“We wanted to create camaraderie among the women and be a service group for the Yacht Club and the community. In time, we also became a fundraising group,” Lowry said.
The women, some dressed in scarves, cat-eye glasses, pearls and capri pants, posed for pictures in a baby blue 1957 Ford T-bird convertible parked in front of the club’s entrance, then headed to three Corona del Mar homes hosting the luncheon.
Las Commodoras President Terese Ivory coordinated the menu items, asking women to bring specific dishes. She said the recipes came straight out of the book found in most 1950s baby boomer kitchens — the red and white, hardback edition of the Betty Crocker Cook Book.
Deviled eggs, tuna-noodle casserole, Spam salad and corn flake-crusted chicken were some of the foods available for sampling. Cosmopolitans were the drink of the day.

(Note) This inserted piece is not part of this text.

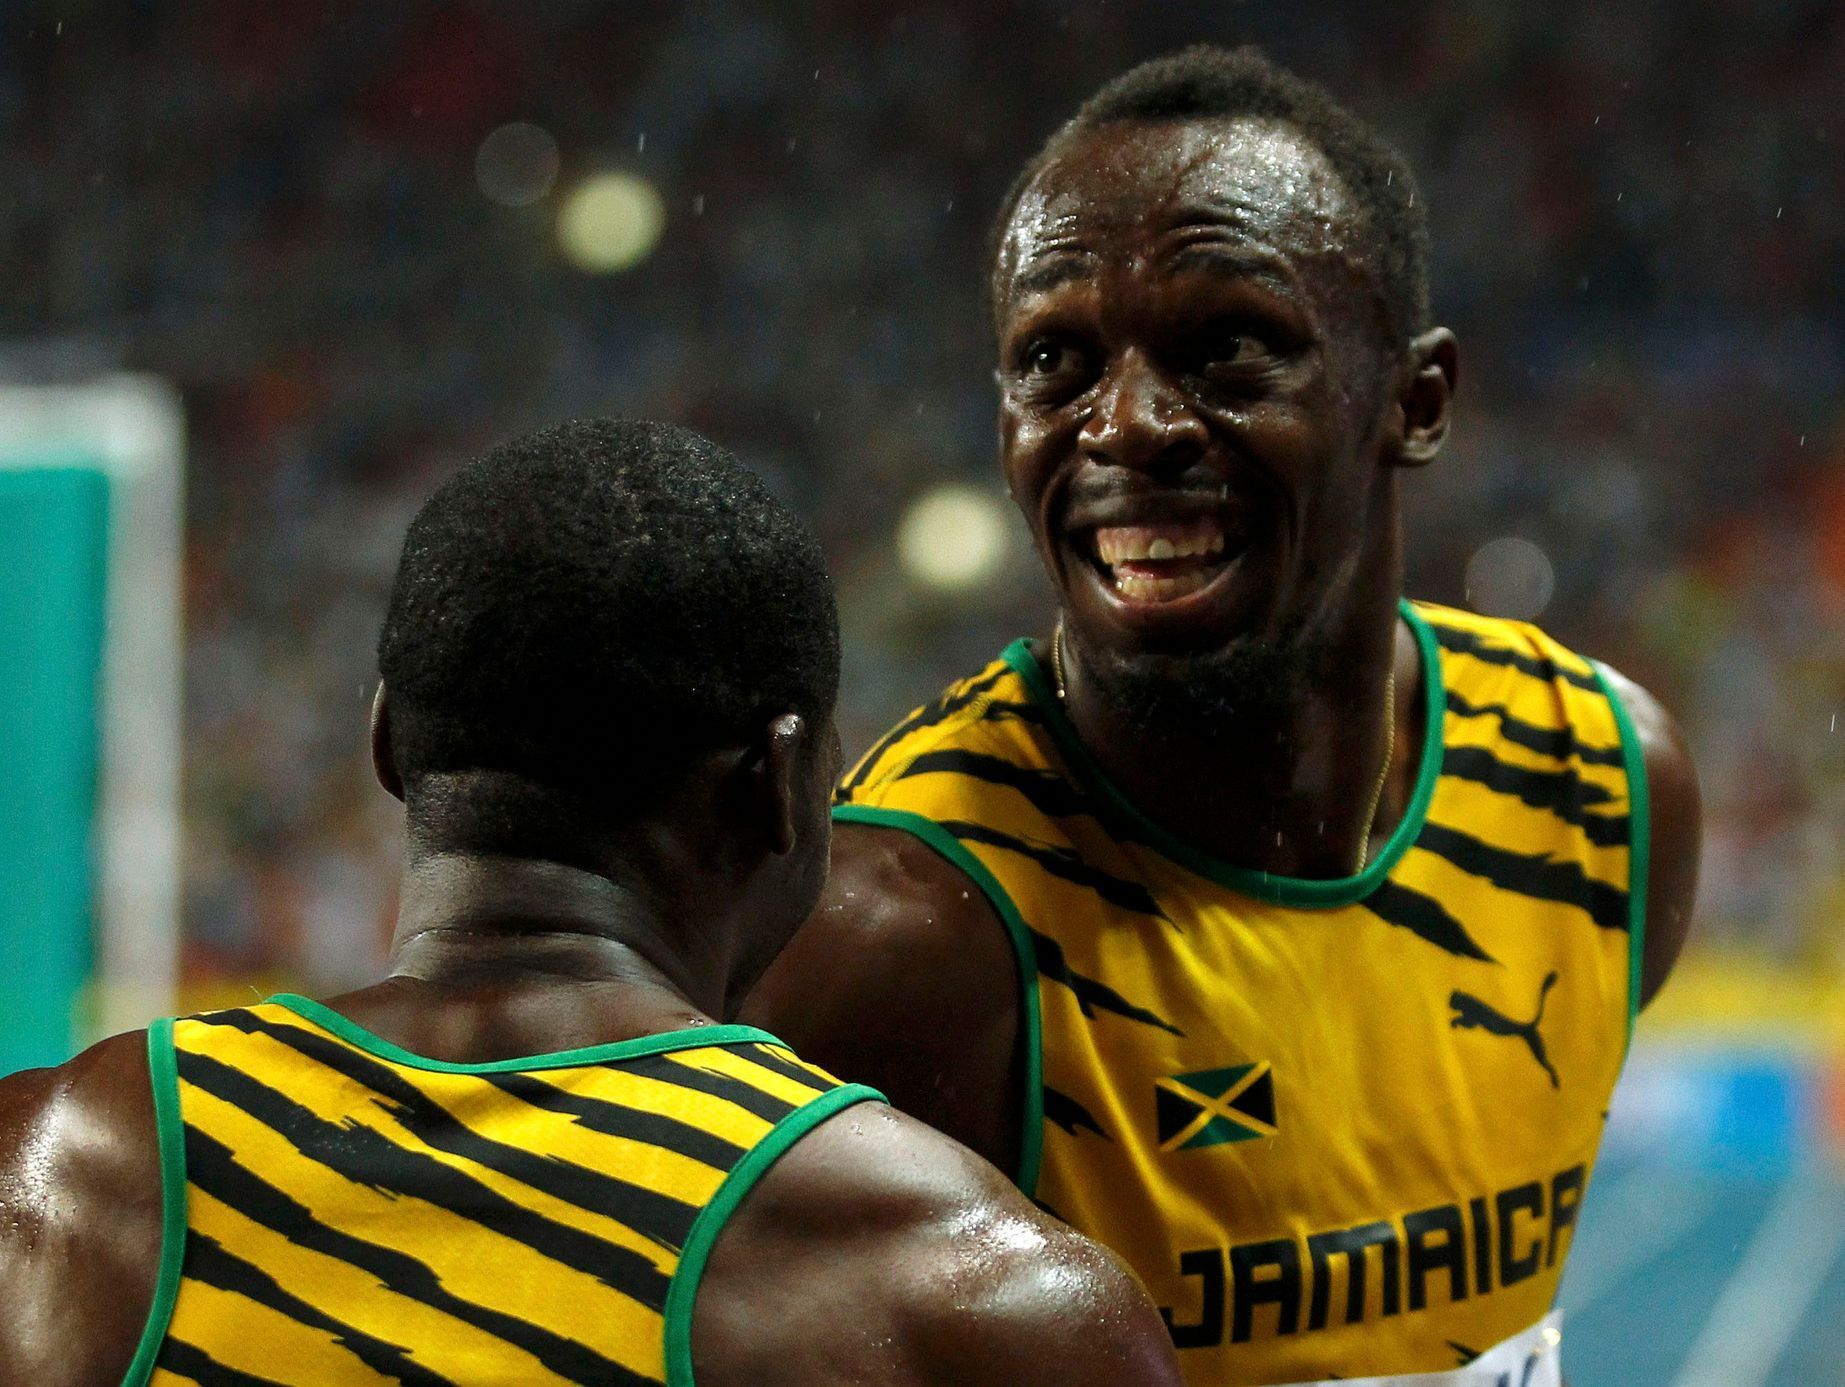 MS v atletice 2013, 100 m - finále: Nesta Carter a Usain Bolt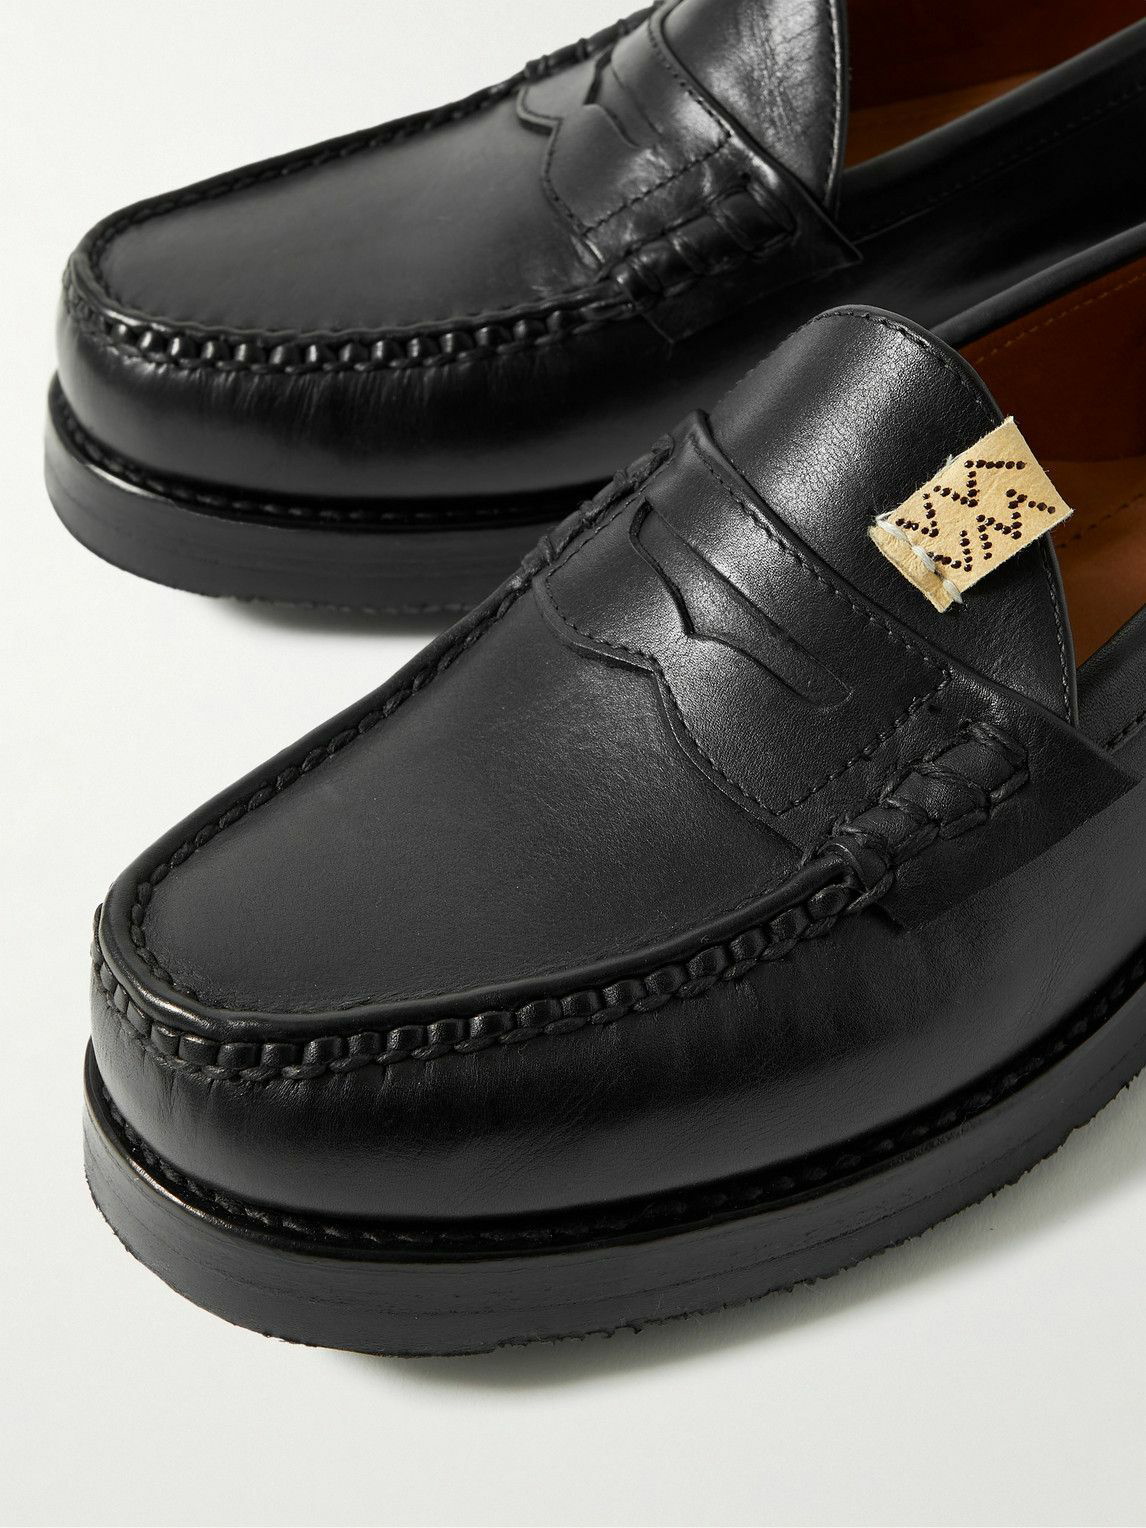 高品質特価品 visvim loafers FABRO CG-FOLK us8.5 - 靴

Elvis memorabilia collector Linda Tasooji’s house was the first stop on the tour. The King’s tunes played inside and out, and her collection was on display.
Member Ann Carter thinks she was lucky to be a teen growing up in late 1950s Texas.
“It was fun and innocent. The worst thing we could do was drink a beer,” Carter said. “I saw Ricky Nelson and Elvis in concert in Fort Worth. The music [back then] had such a good beat, and you could understand the words.”
Cosmo in hand, another former Las Commodoras president, Doretta Ensign, recalled growing up in Laguna and driving her Ford with the top down. Her husband was a lifeguard, she said, and they’d hang around the local beaches looking like something out of the Frankie Avalon and Annette Funicello “Beach Blanket Bingo” movies.